EU’s long-standing migration rule ‘unsustainable’, says Germany
Germany’s vice-chancellor and foreign minister slammed one of the cornerstones of EU migration policy as “unsustainable” in comments published Thursday, jointly saying Europeans owed it “to the world” to help migrants and refugees.
Europe’s largest economy has gone on the offensive in recent days to push for a joint EU response to the biggest migration crisis to hit the continent since World War II, as it prepares to host a record 800,000 asylum-seekers this year.
“Never before have so many people fled political persecution and war as today. Many of them are seeking refuge here with us in Europe,” Vice-Chancellor Sigmar Gabriel and Foreign Minister Frank-Walter Steinmeier said in the French daily Le Figaro.
“In view of the crises in our neighbourhood, we must assume that this could remain the case for years,” they added in a comment piece also published in Italy’s Corriere della Sera newspaper.
Germany announced this week that it would stop returning Syrian asylum-seekers to their first EU port of entry, as stipulated under the so-called Dublin Regulation that governs migration in the European Union.
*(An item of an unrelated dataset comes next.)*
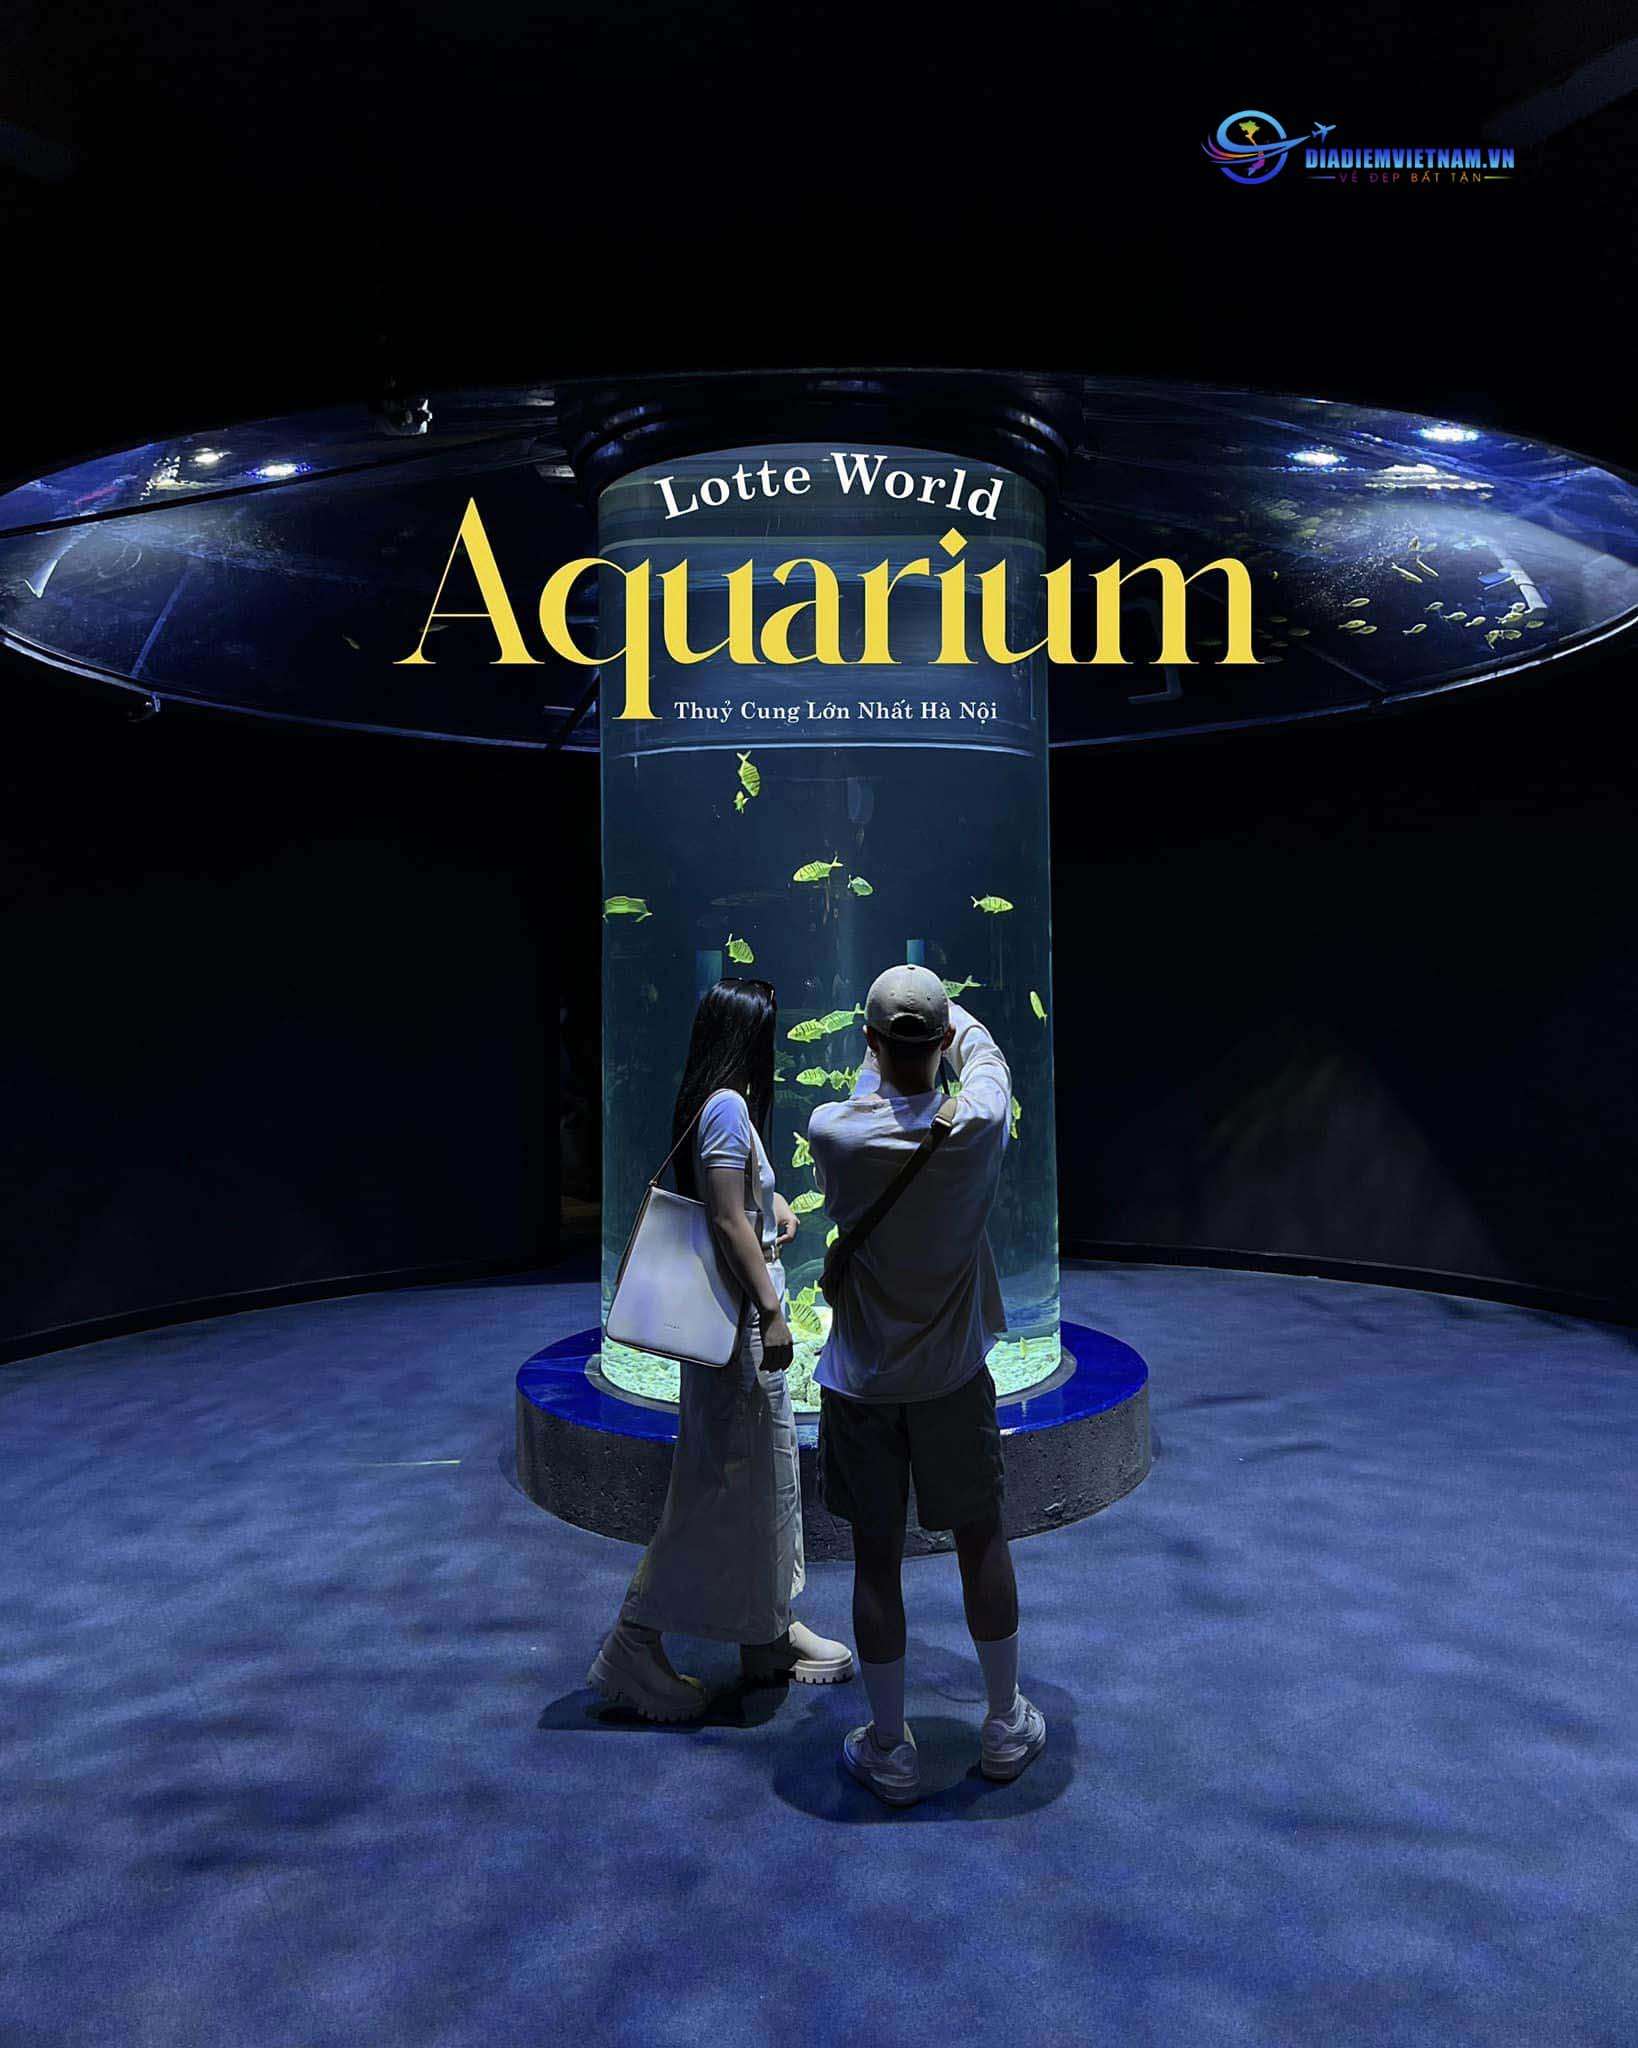 Thuỷ Cung Lottel Wold Aquarium

Under the regulation, the first EU country where an asylum-seeker arrives is usually required to process the claimant’s application, and if they move somewhere else, they can be returned to that first nation.
In practice, this means countries on the EU’s borders like Greece or Italy are overwhelmed with applications as thousands arrive on their shores after a dangerous journey across the Mediterranean.
“German citizens are helping to receive and integrate refugees into our society as never before,” Gabriel and Steinmeier wrote.
But “a state of affairs in which only a handful of member states shoulder the entire burden — as happens today — is just as unsustainable as a system which forces the countries on the EU’s outer border to take the strain alone.
“We must therefore reform the Dublin Convention immediately, and find a way of creating binding and objective refugee quotas which take into account the ability of all member states to bear them.”
They said the EU response had not met “the standards that Europe must set for itself.”
“We must guarantee a common European code of asylum, so that asylum status is valid throughout the EU and the conditions for receiving it are stable across member states.”